→ WHAT NEEDS TO BE DONE
Give back every line of the material below exactly, but no images.

→ INFORMATION SHOWN
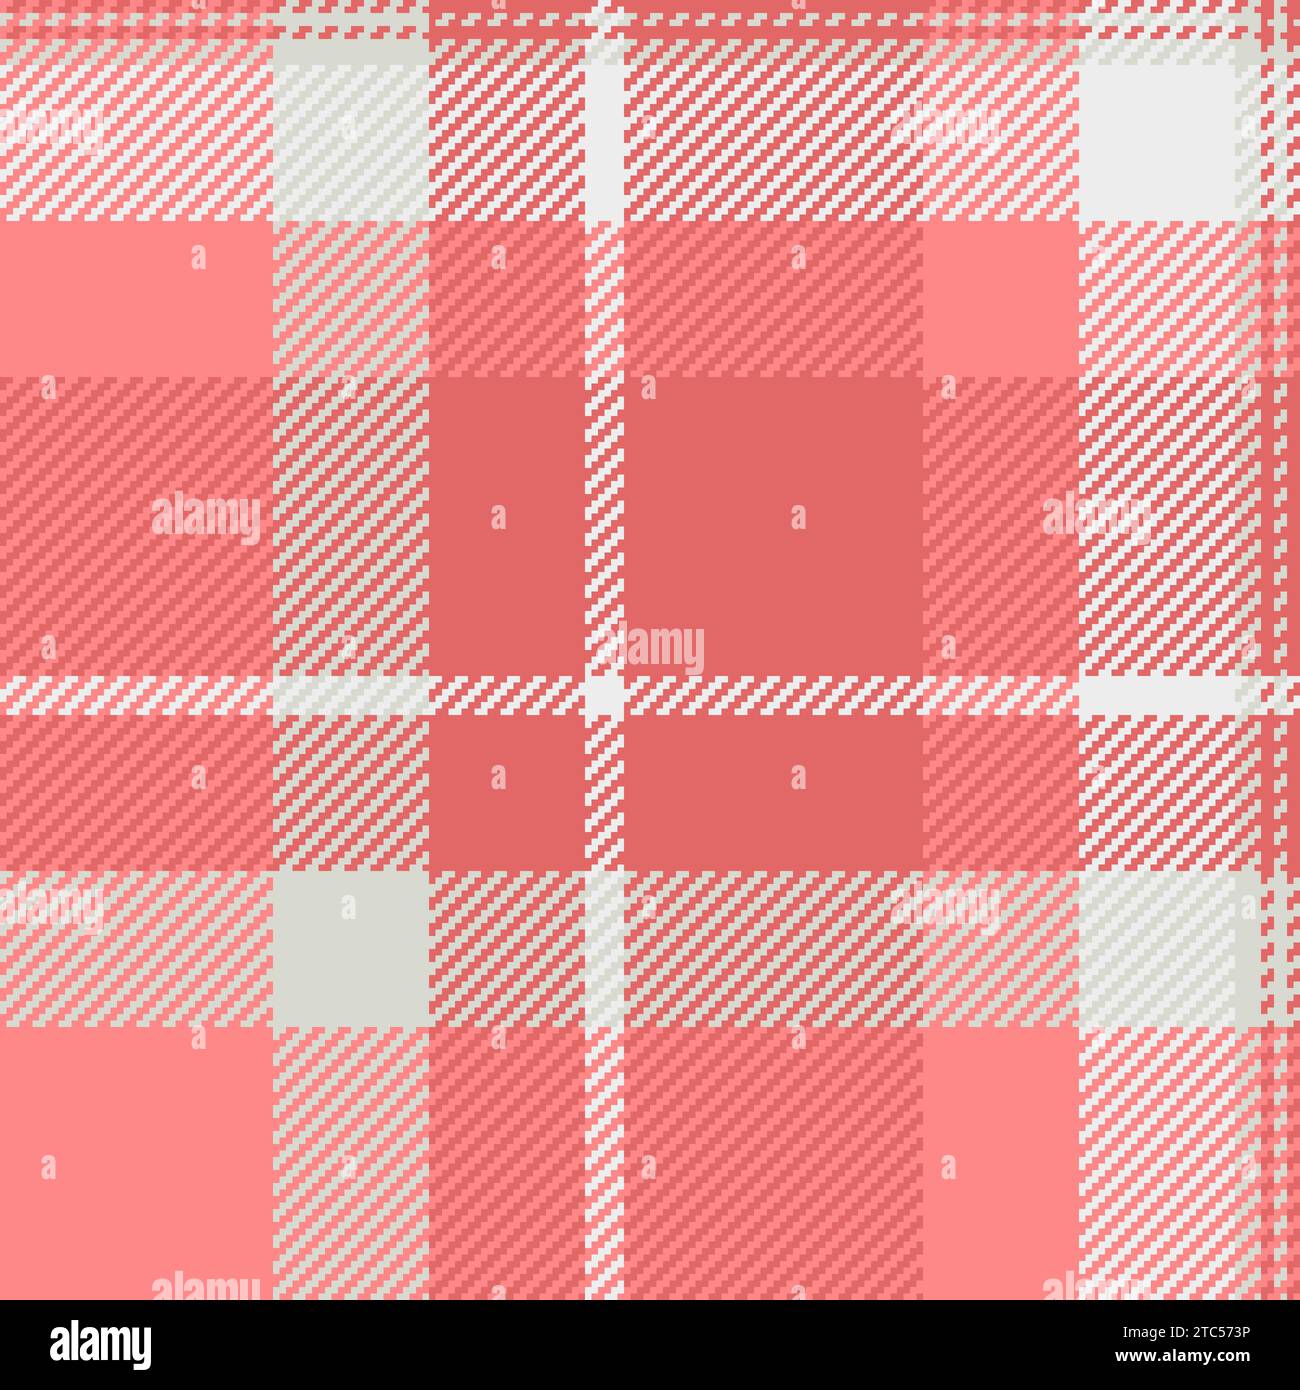 Outfit texture vector seamless, celtic plaid textile tartan. Merry background fabric check pattern in red and white colors. Stock Vector
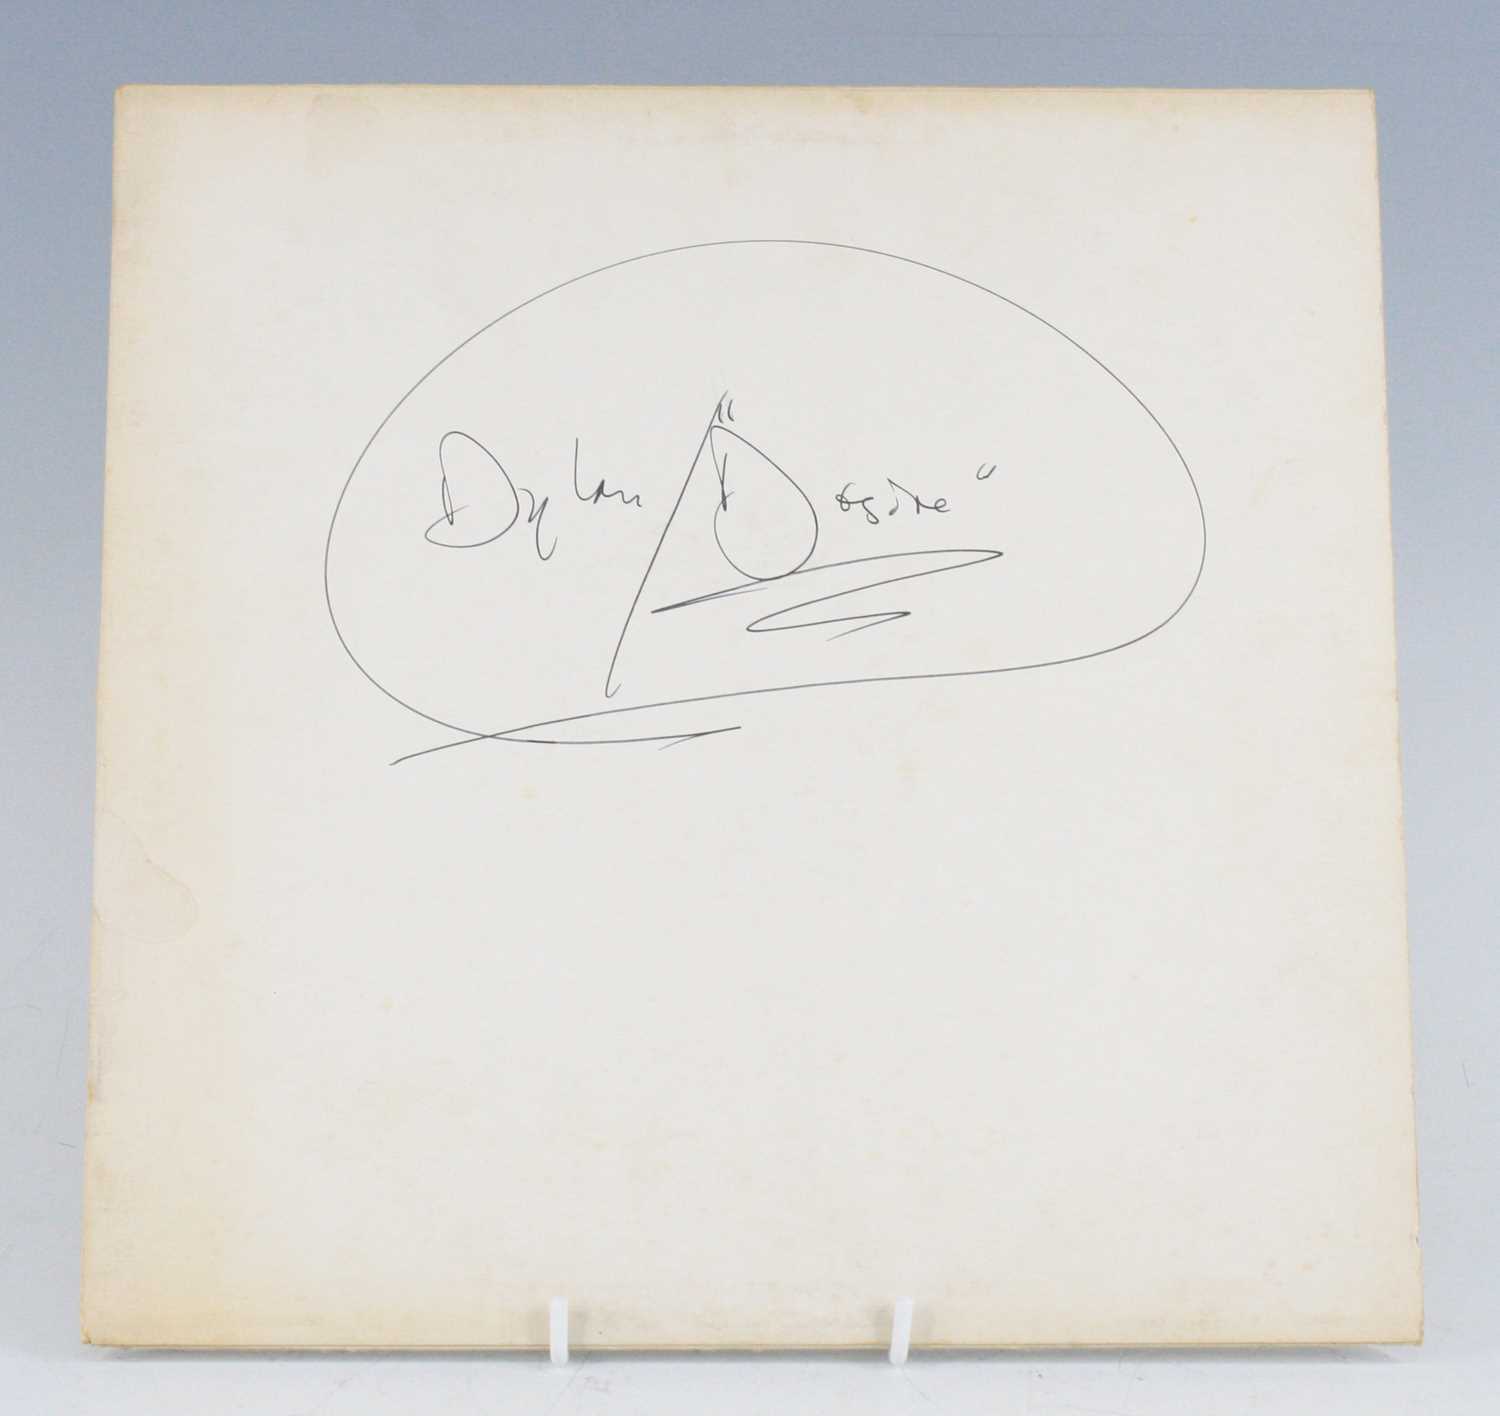 Lot 1018 - Bob Dylan, Desire, White label with hand...
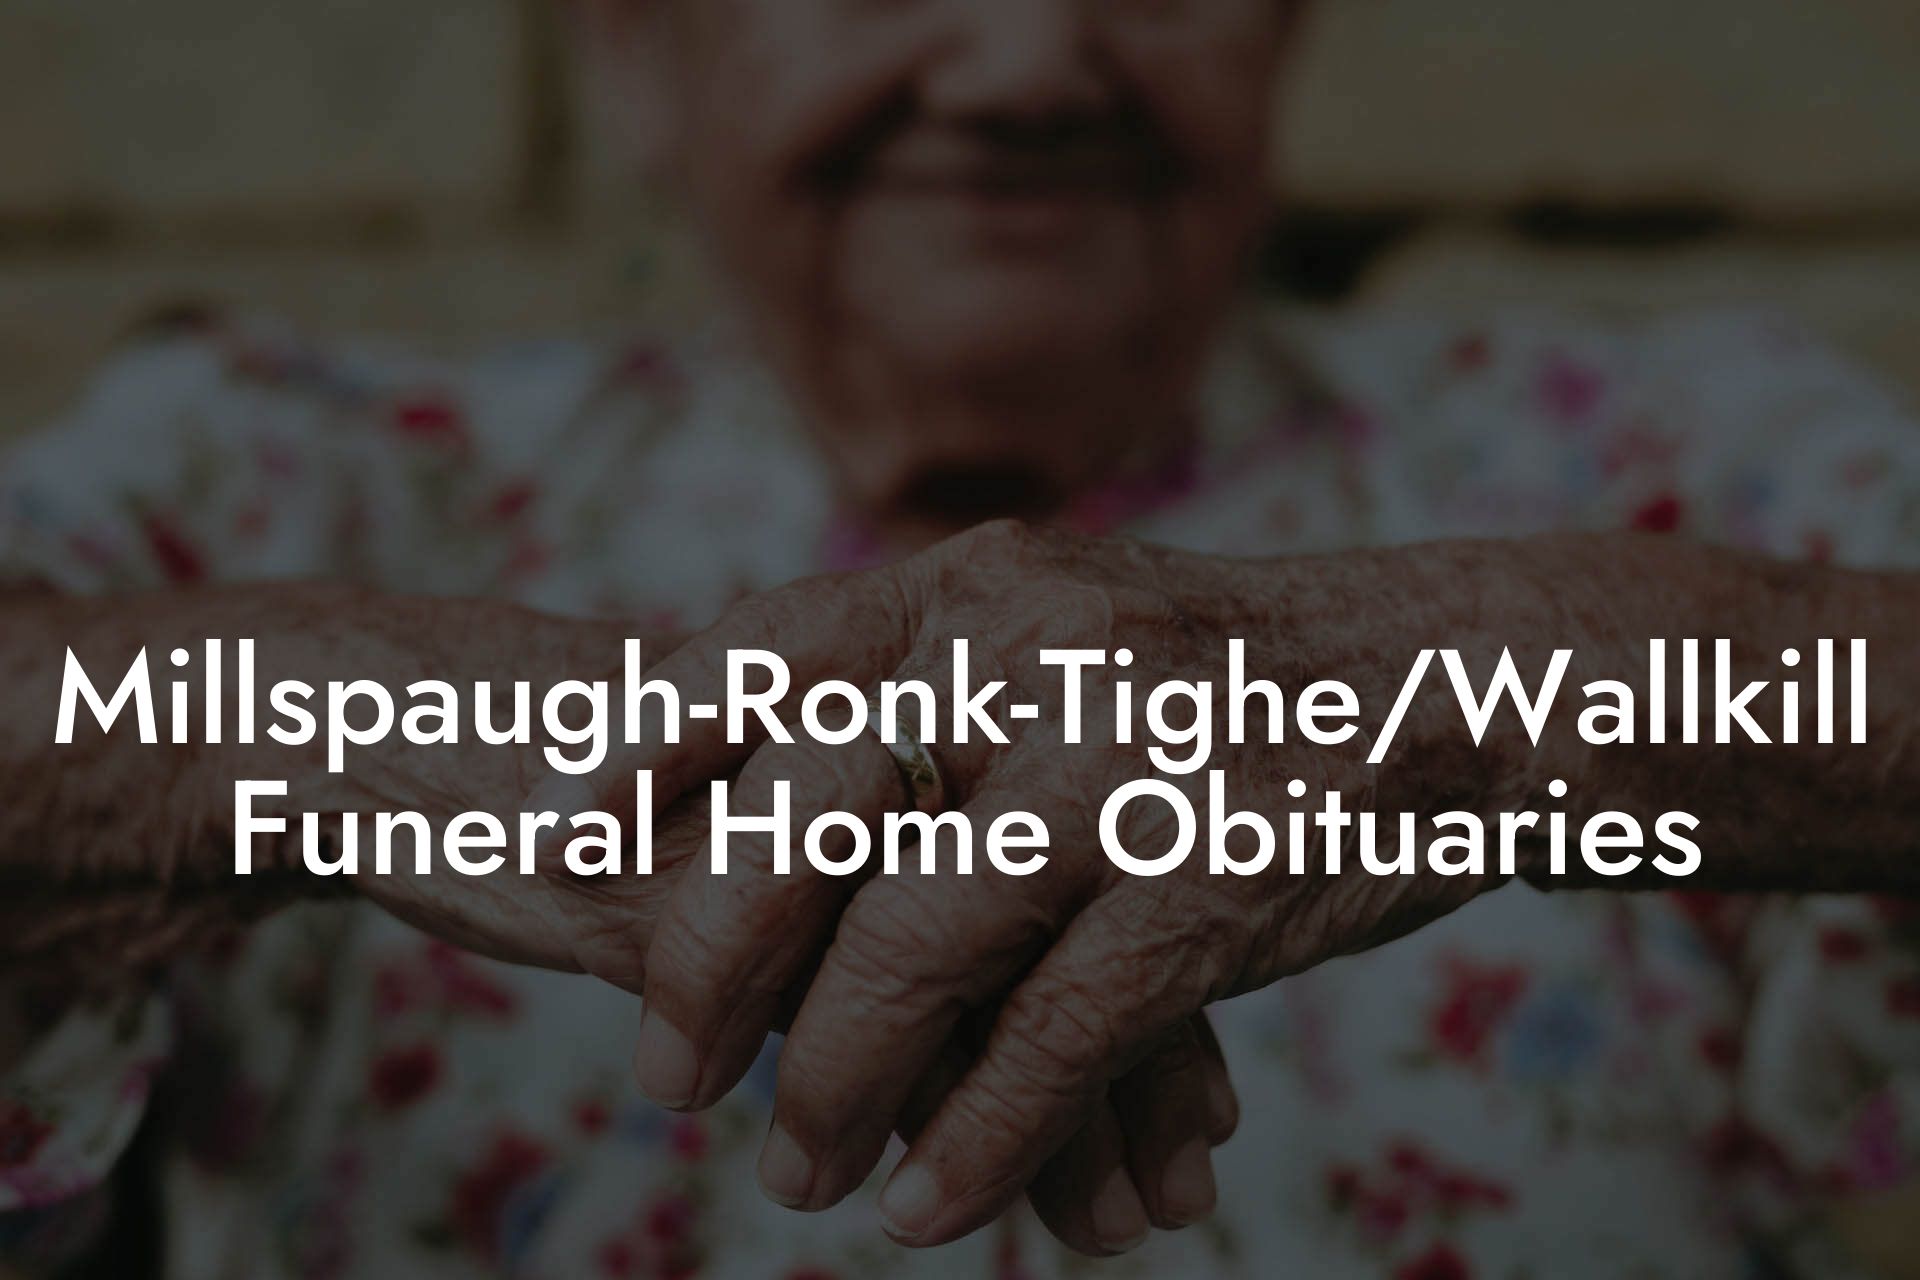 Millspaugh-Ronk-Tighe/Wallkill Funeral Home Obituaries
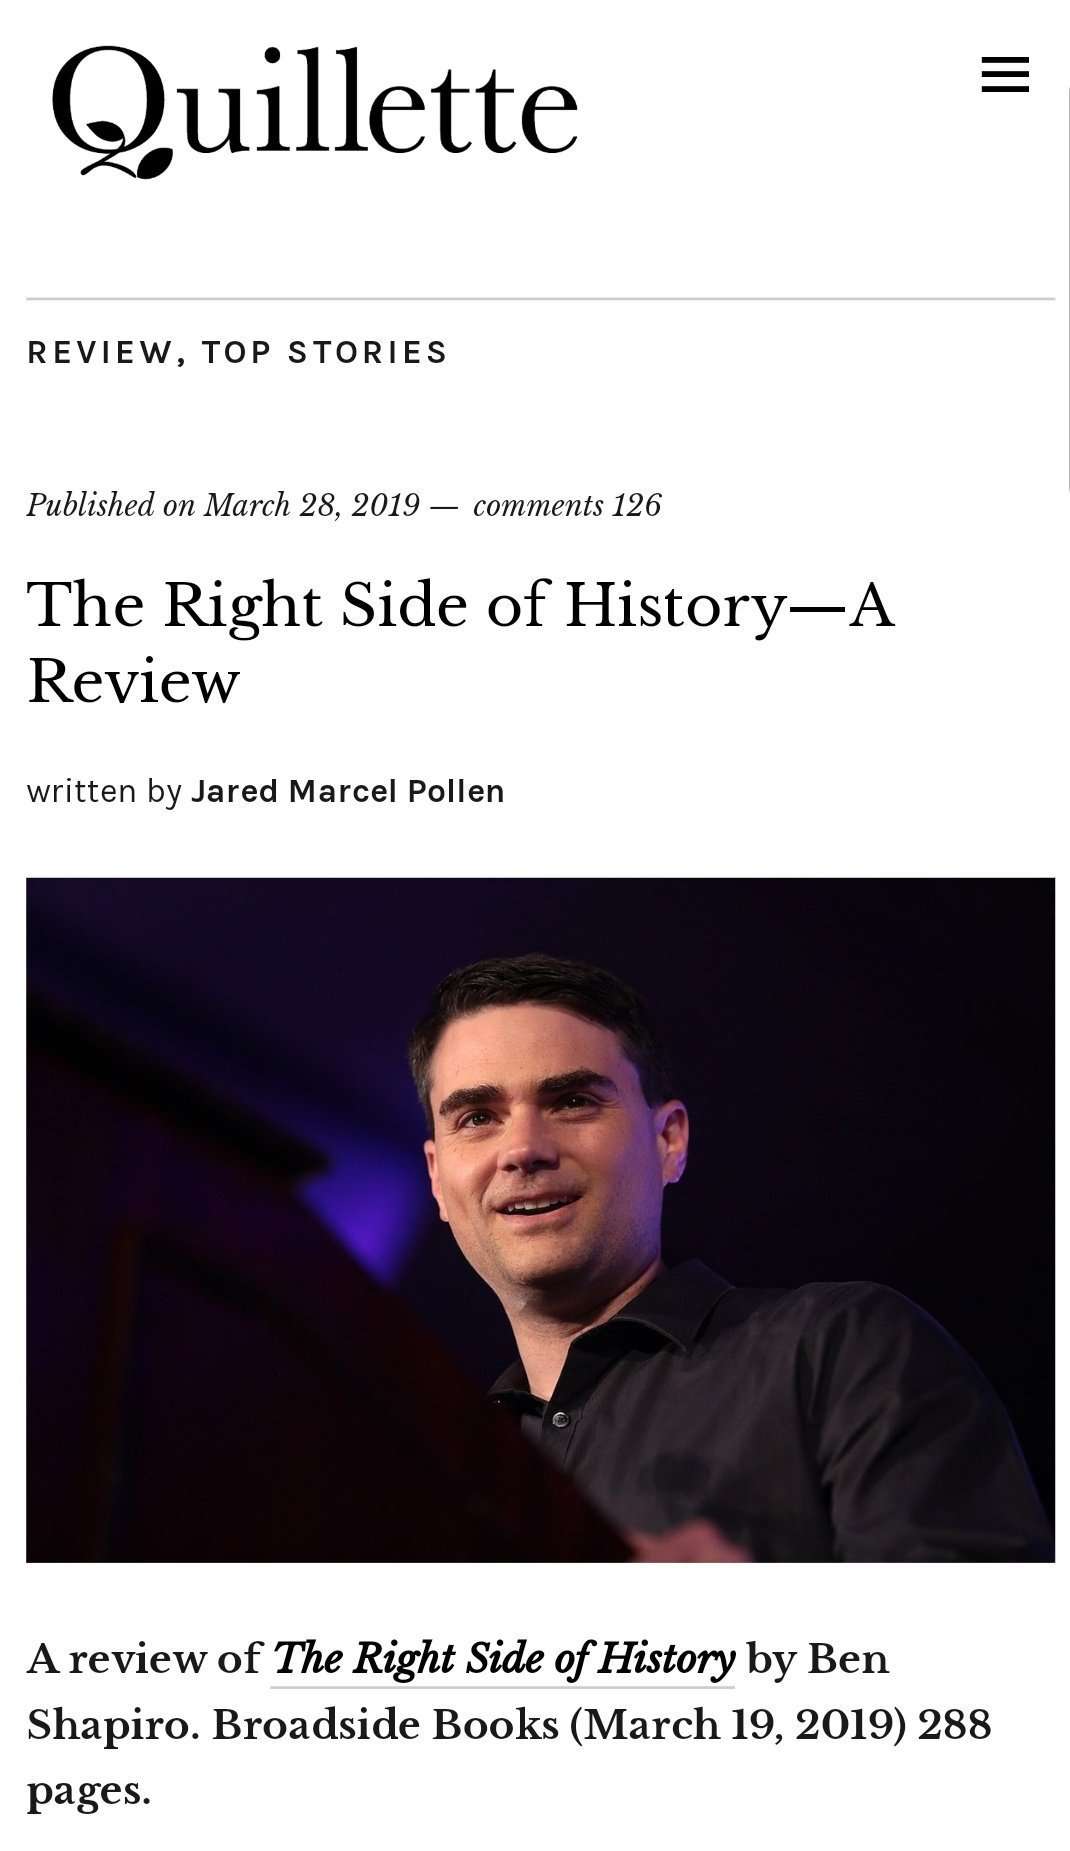 image for Wild Geerters auf Twitter: "So it's another one of those books about how bad things only happened because people rejected Christianity. How is Ben Shapiro any different than every other religious cons

→ OUTPUT OF THE EXERCISE
 Outfit texture vector seamless, celtic plaid textile tartan. Merry background fabric check pattern in red and white colors. Stock Vector
 Lot 1018 - Bob Dylan, Desire, White label with hand...
 Millspaugh-Ronk-Tighe/Wallkill Funeral Home Obituaries
 image for Wild Geerters auf Twitter: "So it's another one of those books about how bad things only happened because people rejected Christianity. How is Ben Shapiro any different than every other religious cons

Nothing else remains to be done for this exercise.